Kehendak hati selalu ingin membawa langkah kaki berkelana. Tapi apa daya, hanya jari yang mampu pelesir ke rumput tetangga. Setelah itu, tugas kepala membandingkan hidup. Mana yang lebih juara: yang mereka punya atau apa yang tak ada di depan mata?
Seseorang pernah bercerita kepadaku. Istilah rumput tetangga lebih hijau bukanlah sekadar istilah. Ia memiliki semiotika—atau apalah itu istilahnya. Konon, ketika kekayaan masih diperlombakan, seorang juragan hanya perlu memamerkan halamannya. Semakin hijau dan subur rumputnya, maka semakin banyak pula orang yang mengurusnya. Jika banyak orang yang diperkerjakan untuk mengurus halamannya saja, coba bayangkan bagaimana si juragan memenuhi keperluan lainnya.
Nah, pikirku, rumput tetangga yang lebih hijau adalah hasil kerja dari banyak jari yang pelesir dan mengurus rumput-rumputnya.

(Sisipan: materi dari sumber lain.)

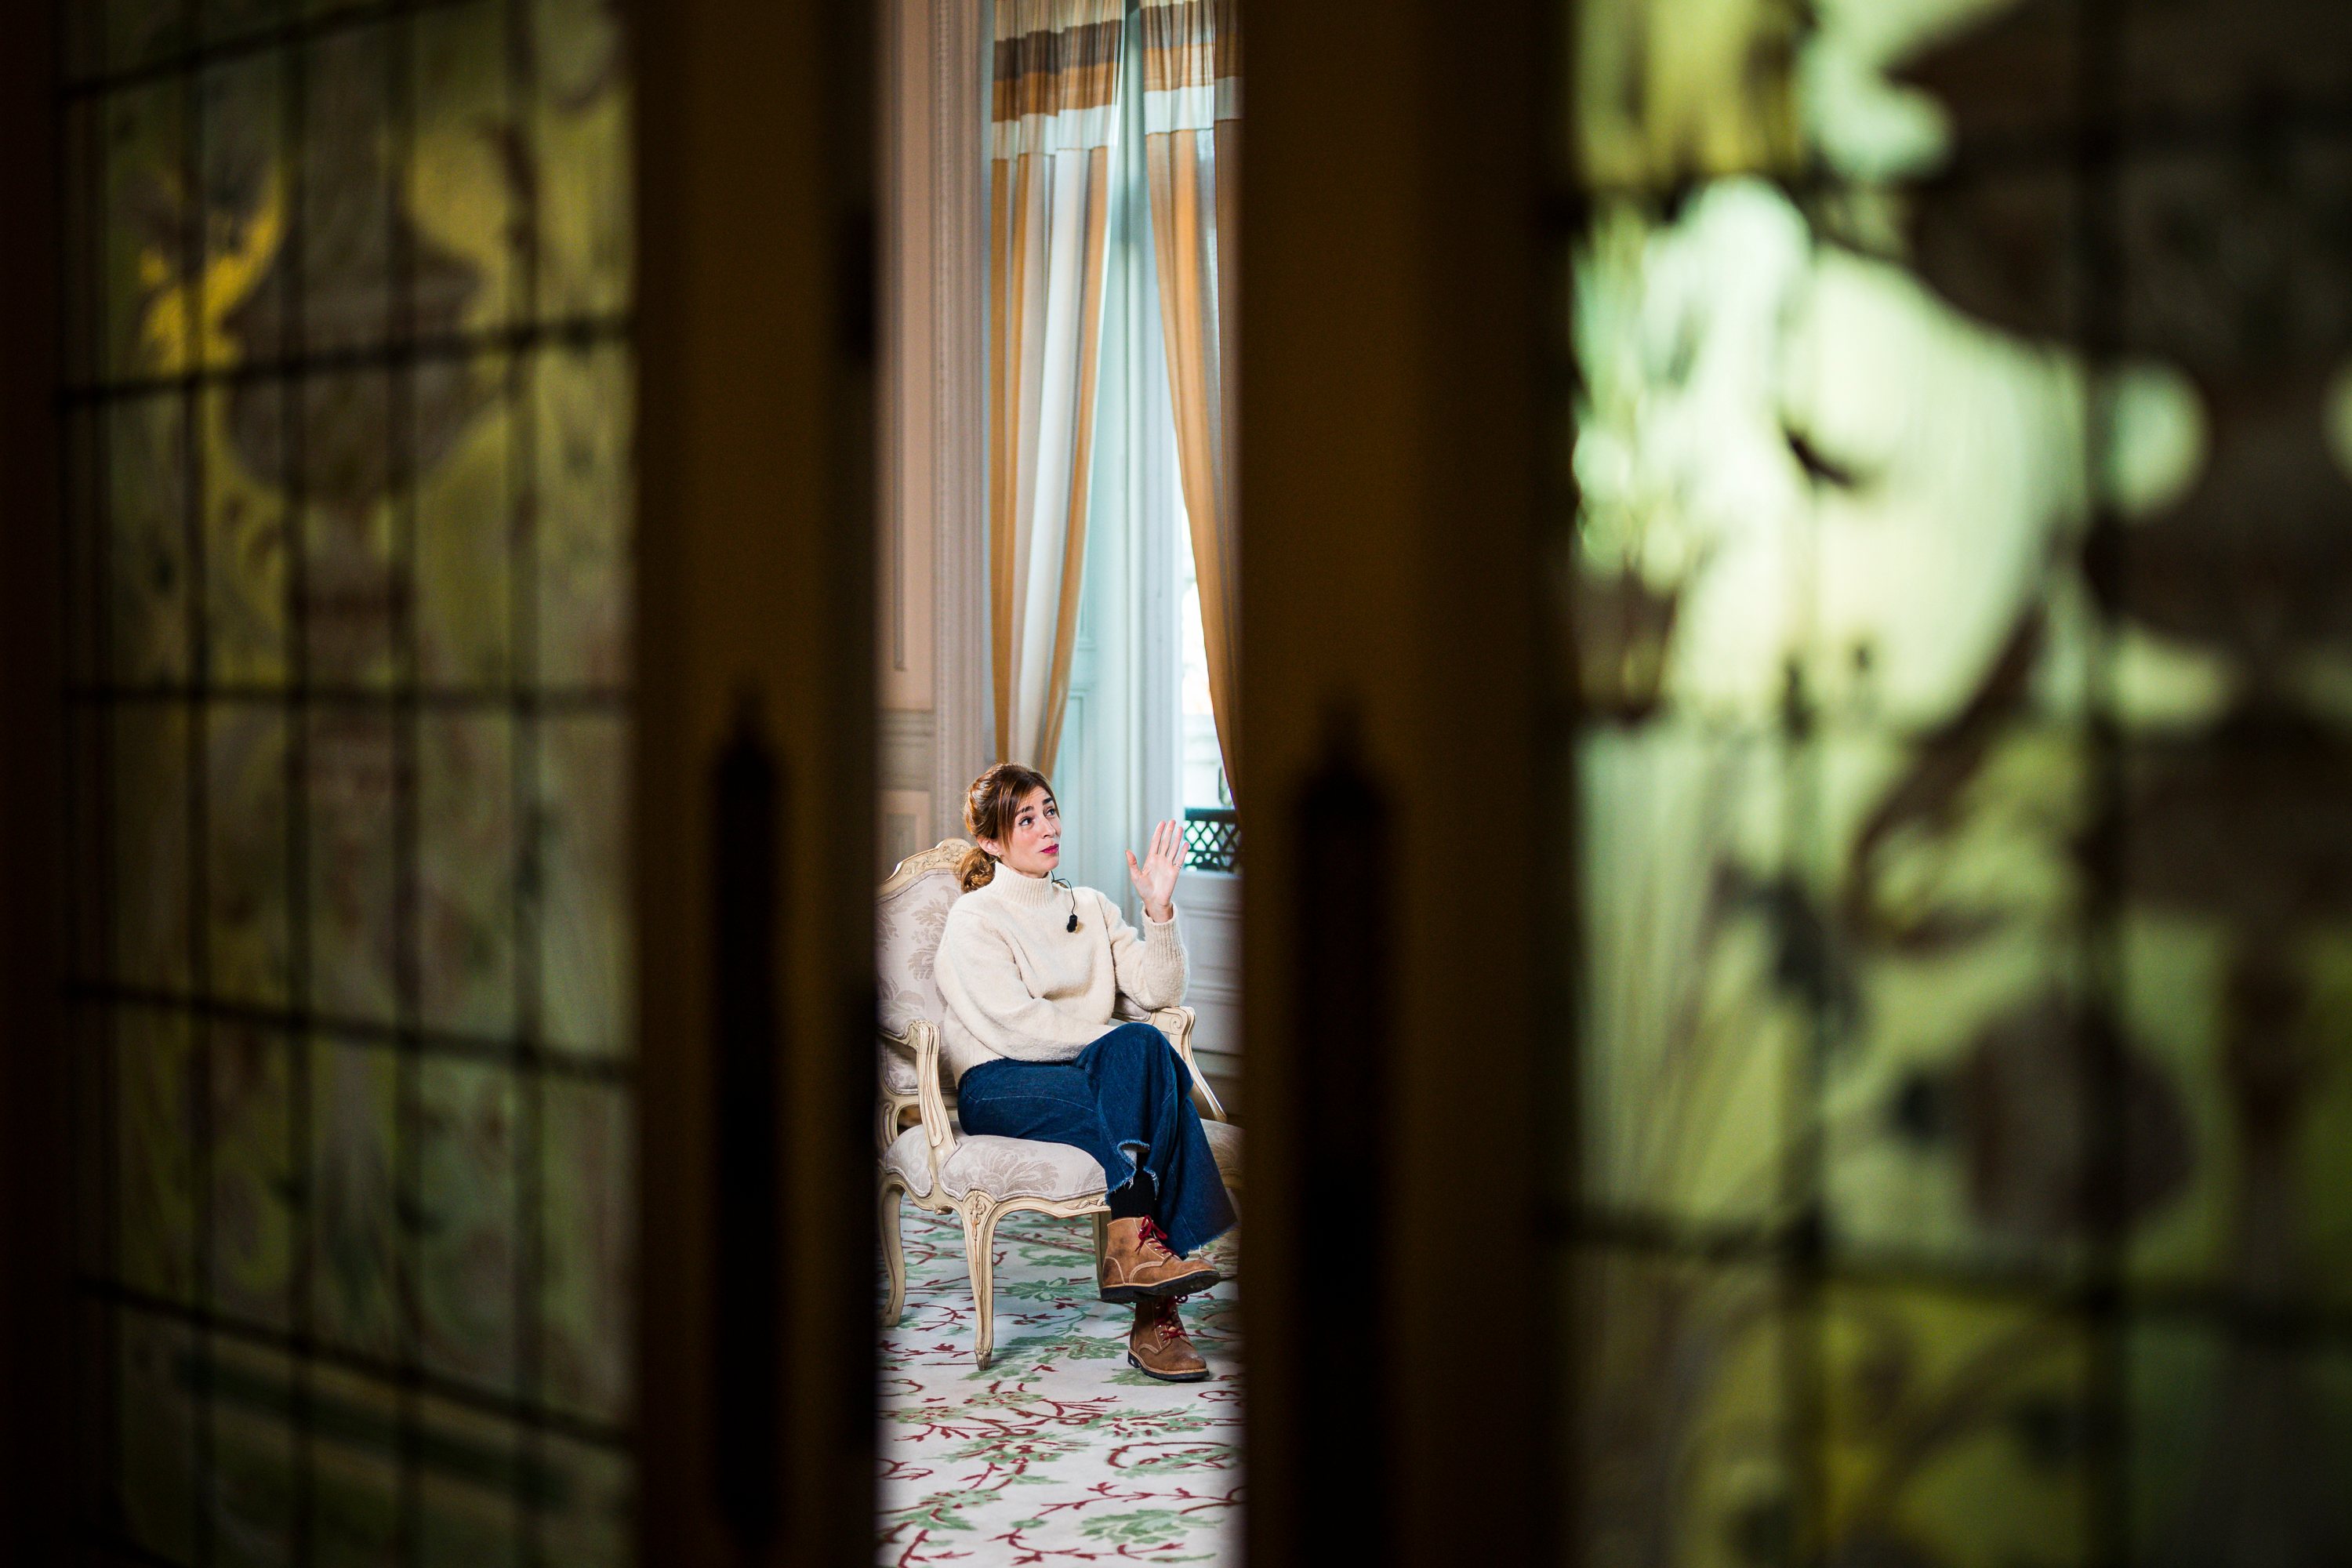 Entrevista com Rita Redshoes, a propósito do tema da saúde mental (depressão pós-parto), no hotel Pestana Palace. Lisboa, 02 de Dezembro de 2021. FILIPE AMORIM/OBSERVADOR

Tetangga-tetanggaku memang memiliki rumah megah dan rumputnya selalu hijau. Tapi aku yakin, halaman yang aku punya akan selalu lebih banyak dari halamanku tahun lalu. Warnanya putih dan berserak di kamar. Di atasnya penuh dengan tulisan-coretan tangan yang rapat-rapat.
Jikalau memang hidup yang dipunya laksana hartabenda; hanyalah ia yang dapat kita bawa serta. Lantas, maukah engkau menjual, menukar, atau memberikannya serta-merta dengan rumput hijau tetangga?
Jelas, aku tak mau menukar halaman-halamanku dengan rumput tetangga. Sebab cuma ini yang aku punya.